┏━━

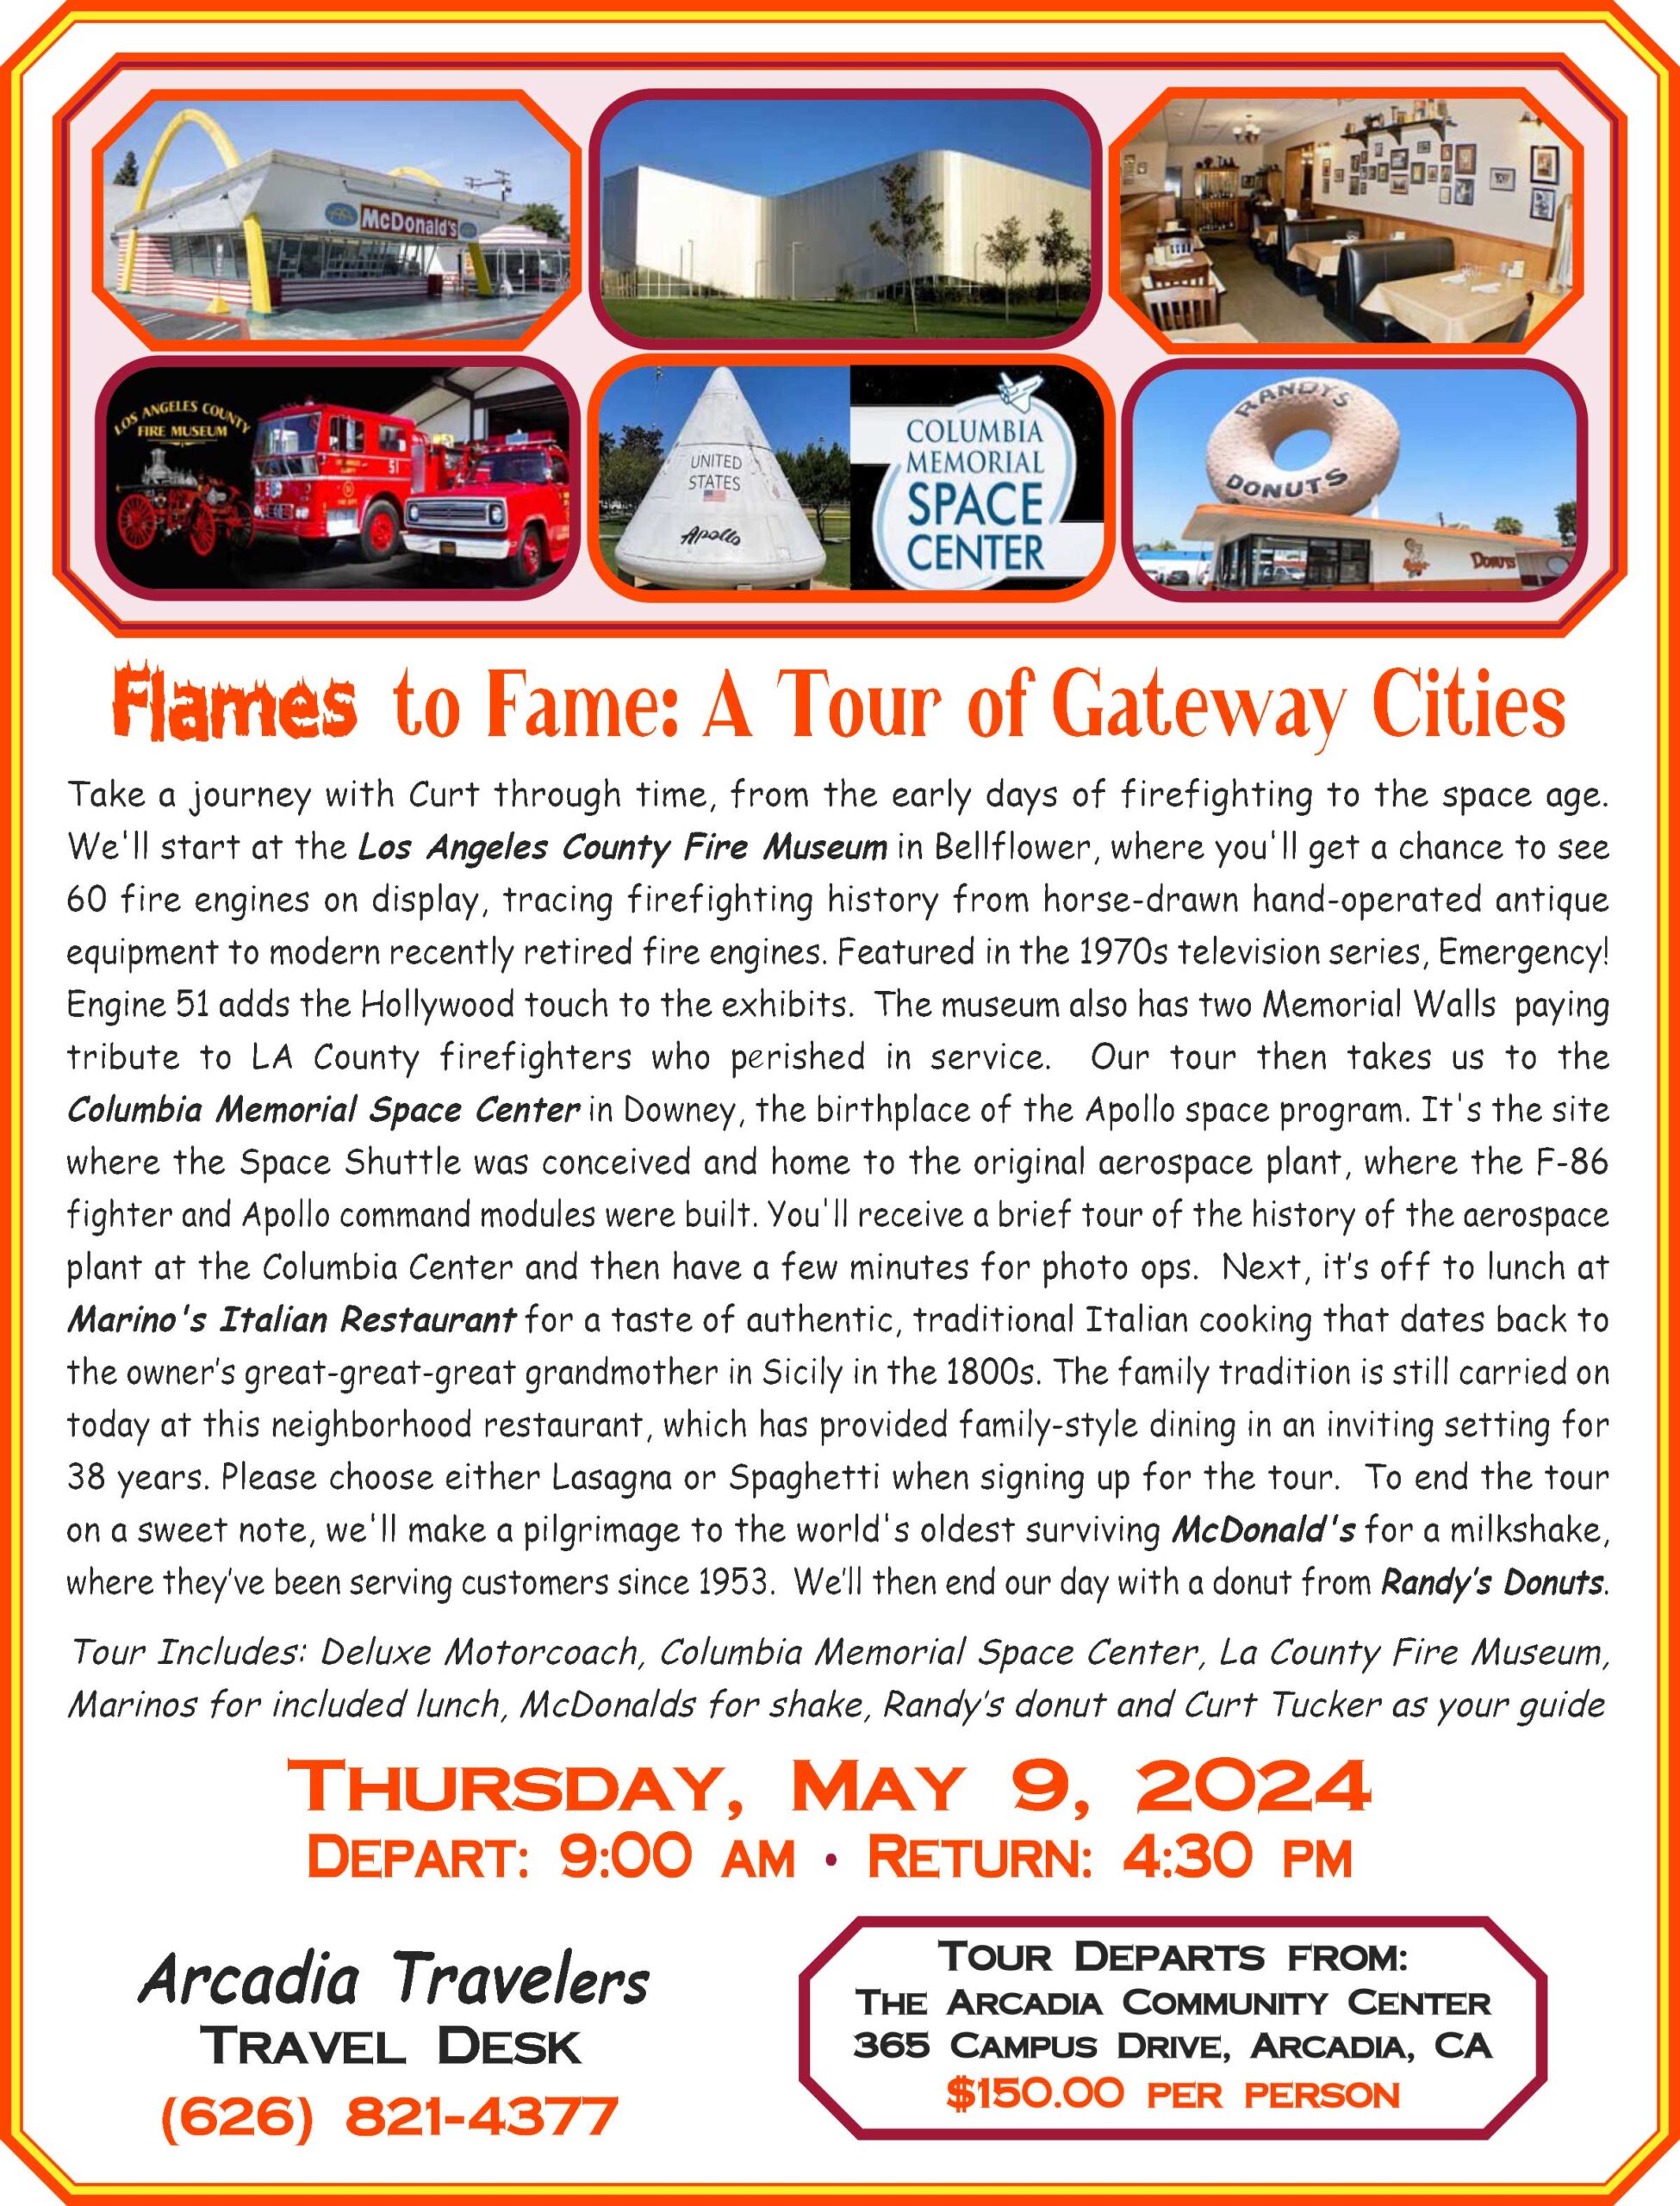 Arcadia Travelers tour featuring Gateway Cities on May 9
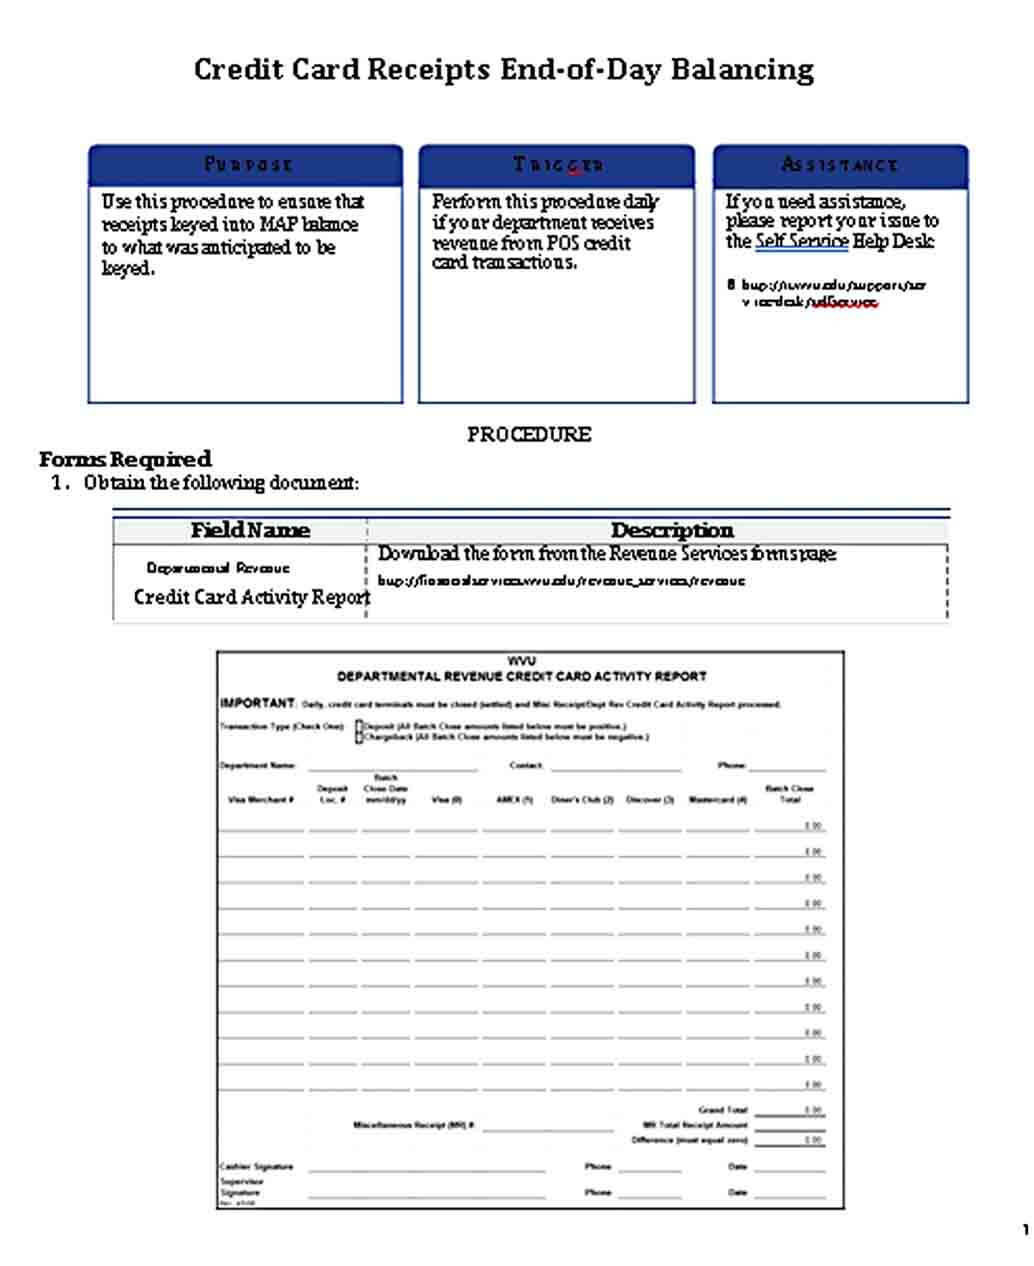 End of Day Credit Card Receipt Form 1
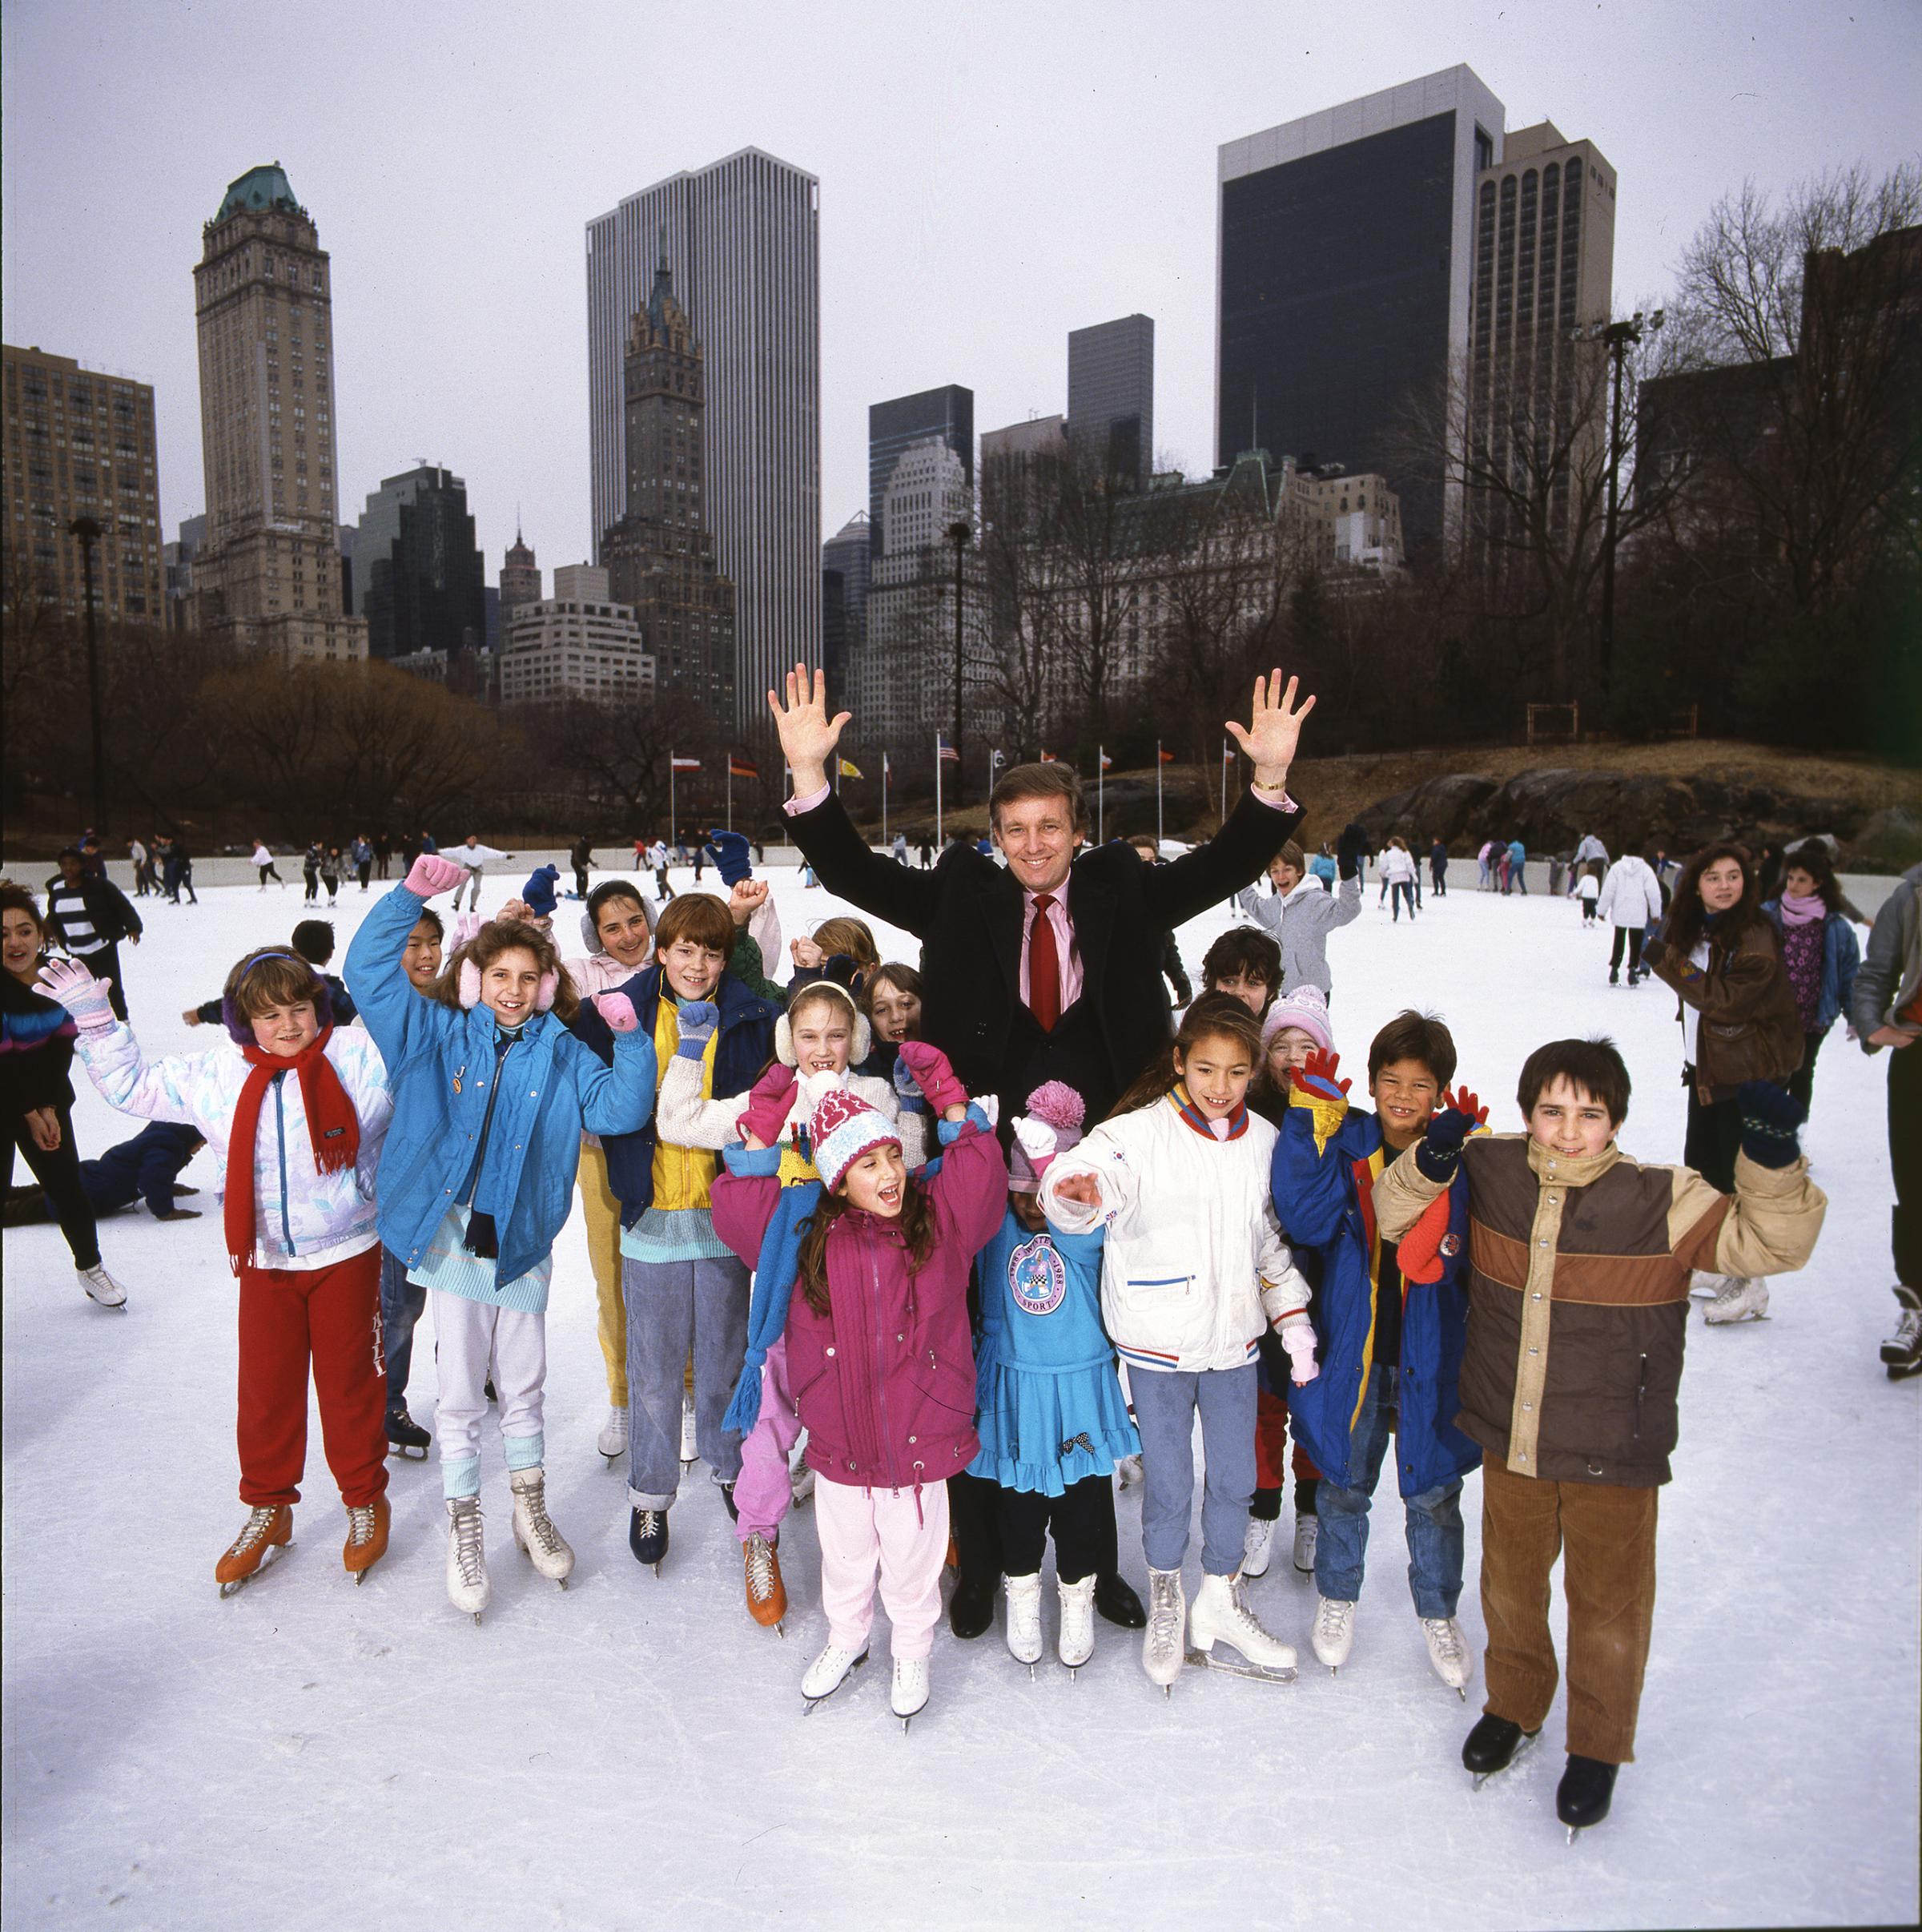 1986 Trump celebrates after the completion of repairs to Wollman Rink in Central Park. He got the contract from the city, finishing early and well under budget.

┗━━

PROBLEM TO SOLVE
Take the listing and print it again exactly, but without any pictures.

EXERCISE RESPONSE
 Arcadia Travelers tour featuring Gateway Cities on May 9
 End of Day Credit Card Receipt Form 1
 1986 Trump celebrates after the completion of repairs to Wollman Rink in Central Park. He got the contract from the city, finishing early and well under budget.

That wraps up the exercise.